If you've led real change - the kind that rewires how an organization works - you’ve probably experienced that push/pull feeling…equal parts exhilaration and unease.
Well, a piece in Harvard Business Review finally named it. Thank you HBR!
Leading transformation means living with two forces pulling at you every day:
→ The drive that says push forward.
→ And the voice that questions…are you sure you’re heading in the right direction?
Most people think that the second voice is a flaw or a momentary lack of confidence and conviction you need to push past. Nope. Sit in the doubt for a minute. Let it move through you. Let it challenge you. Let it make you a more thoughtful leader.
Sitting with it will strengthen your narrative and sharpen your why. Sitting with it will unlock a new level of empathy…because whatever doubts you have, your teams have them as well.
Bottom line, it’s that ‘let’s go’/’oh wait!’ tension that makes real change possible. The leaders who feel both are the ones who actually understand the gravity of the work - the impact. The leaders who feel both are the ones actually doing the “in the weeds” work.
But - and this is the important piece - unmanaged, this tension can consume you.
Even if you accomplish what you set out to do, you can emerge depleted, isolated, and less effective for whatever comes next. Or, you can sit in the tension so long that you are no longer showing up with conviction, with decisiveness. That’s when you lose the room…and maybe yourself.
Was this email forwarded to you?
The Tension Isn't the Problem. Losing Your Balance Is.
At CBS News and Stations, my team was driving one of the most ambitious integrations in modern media. I believed in it completely. Still do.
But believing completely doesn't mean feeling certain every day. It means carrying the conviction and the doubt. Simultaneously.
The challenge isn't the doubt. It's what you do with it.
Here’s how leaders can lose their footing:
→ You overcontrol. You stop trusting anyone else's judgment. You become the bottleneck you're trying to eliminate. Your calendar is all review meetings. Your team stops bringing ideas because they know you'll rewrite them.

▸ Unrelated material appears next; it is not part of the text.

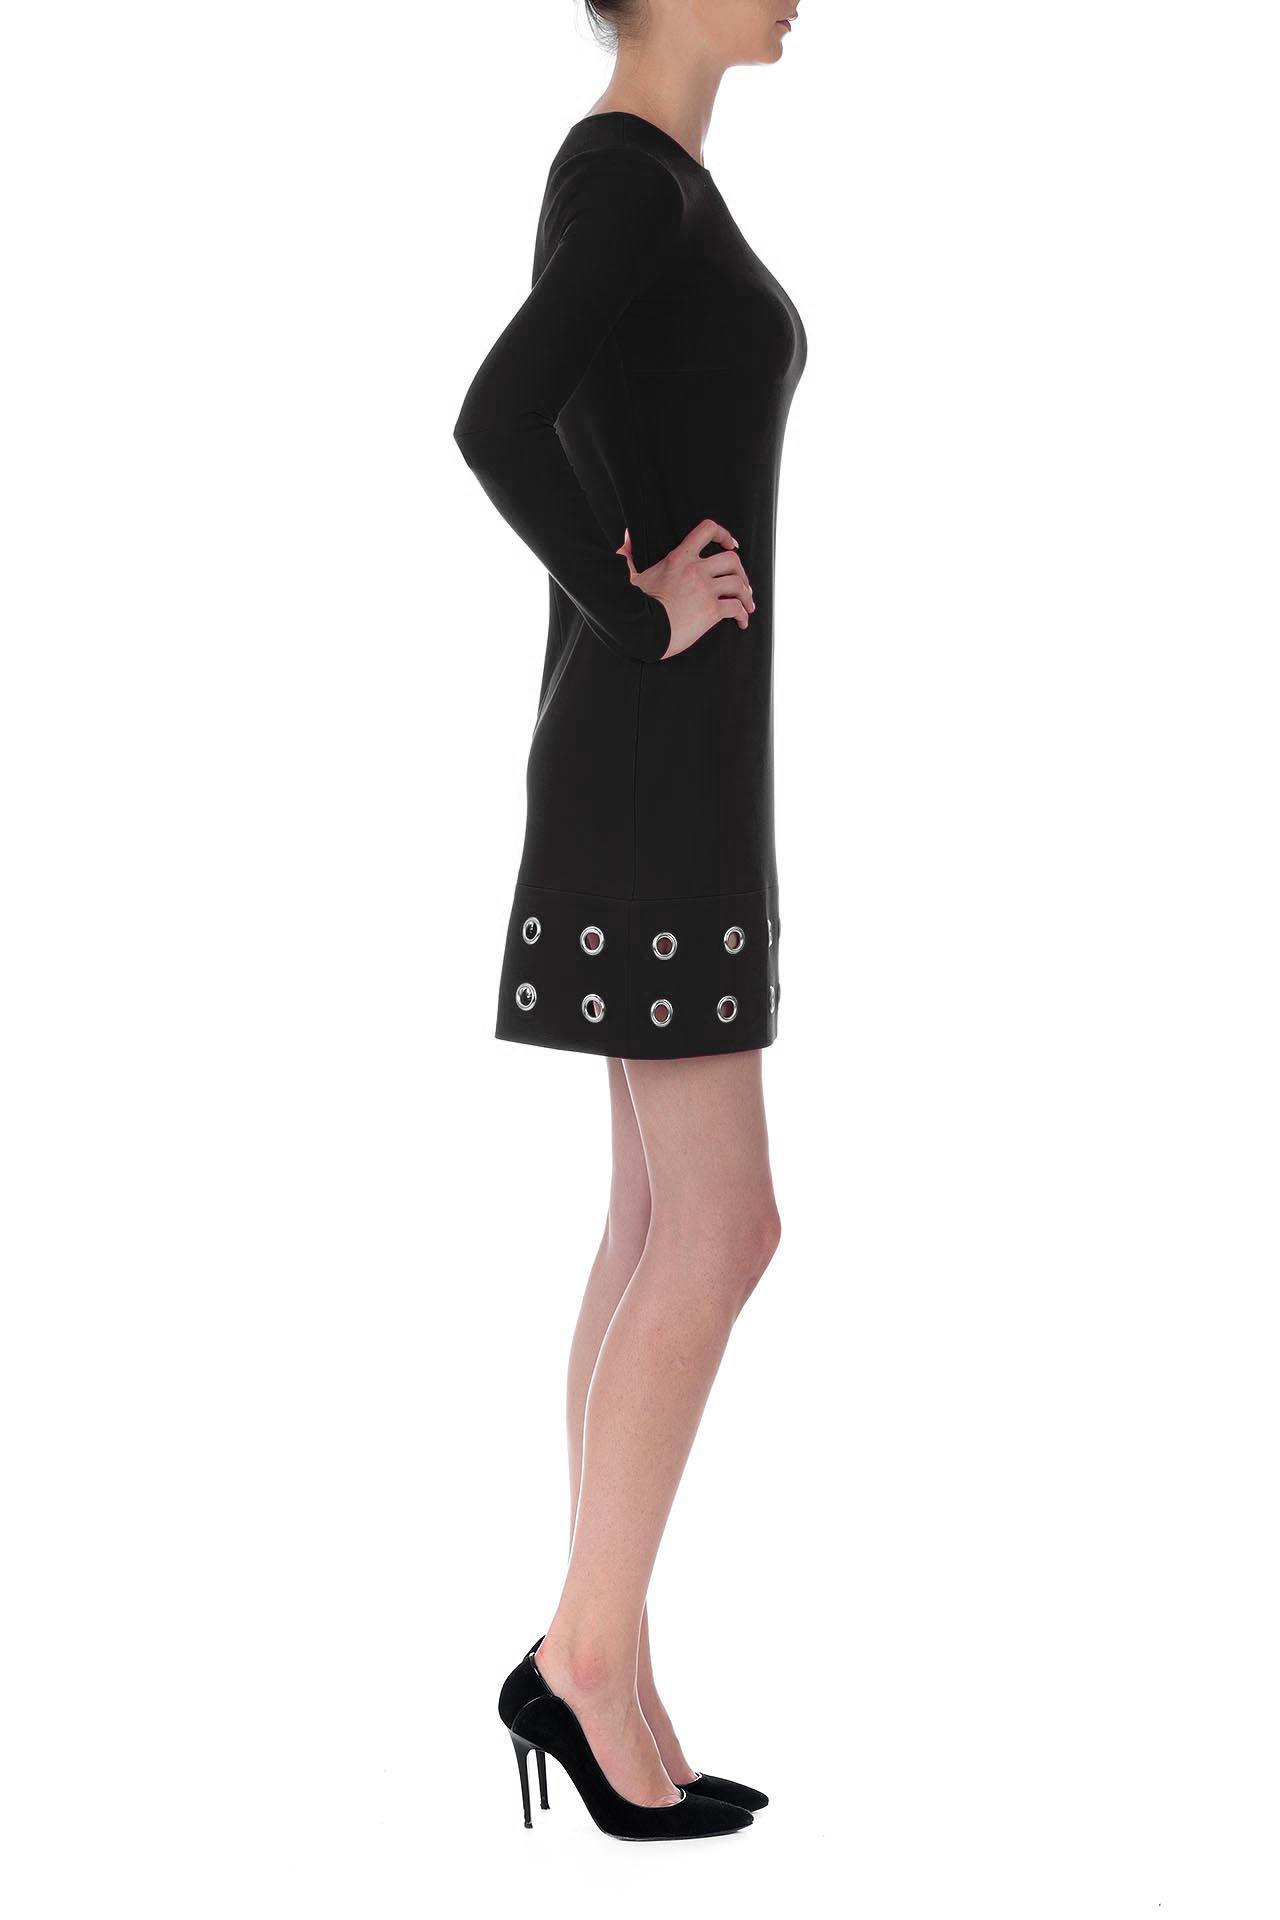 DRESS OKI BLACK 5

→ You punt…and call it patience. You tell yourself the timing isn't right. You need more data. The organization isn't ready. What you're really doing is retreating because the blowback is exhausting.
→ You pivot constantly. Every piece of feedback triggers a course correction. You're so afraid of the cliff that you never commit to the hill.
What's Actually at Stake: Trust.
When leaders lose their balance, trust goes first. Quietly.
Korn Ferry research this year: 86% of senior leaders believe their employees highly trust them. Only 67% of employees agree. And that figure is declining.
A 19-point trust illusion. Wow.
People don't lose trust because a leader made a hard call. They lose trust when they sense the leader isn't steady.
I like to say that trust is built in drops and lost in buckets. The bucket doesn't tip from one bad decision. It tips from sustained inconsistency your team absorbs day after day until one morning they just…stop leaning in.
Holding the Paradox of Doubt and Conviction
▹ Name the imbalance. Right now…are you overcontrolling, retreating, or pivoting? You're doing one of the three. Name it. The tension only controls you when it's unnamed.
▹ Make the vision tangible. Ask someone in the middle of your organization: "Can you see where we're going?" Not your chief of staff or head of comms. Not the direct report who always agrees with you. If they hesitate, your vision isn't clear enough. People can't trust a direction they can't see.
▹ Use humor. We can do serious work without taking ourselves so seriously. Humor in a high-stakes moment tells your team: I'm confident enough in what we're doing that I can laugh about the mess of it. That does more for trust than any town hall speech.
▹ Protect the doubt. It's not the enemy. It's data. Talk to your one friend who tells you the truth. But don't let it bleed into the room. The doubt makes you human. Managing it makes you a leader.
What I’m Watching & Reading:
Because good stories matter:
📖 The Obstacle is The Way by Ryan Holiday
📖 Advanced Introduction to Private Equity by Paul A. Gompers and Steven N. Kaplan
📺 Love Story
Every leader worth following has stood on top of the hill and the cliff’s edge. Sometimes in the same meeting.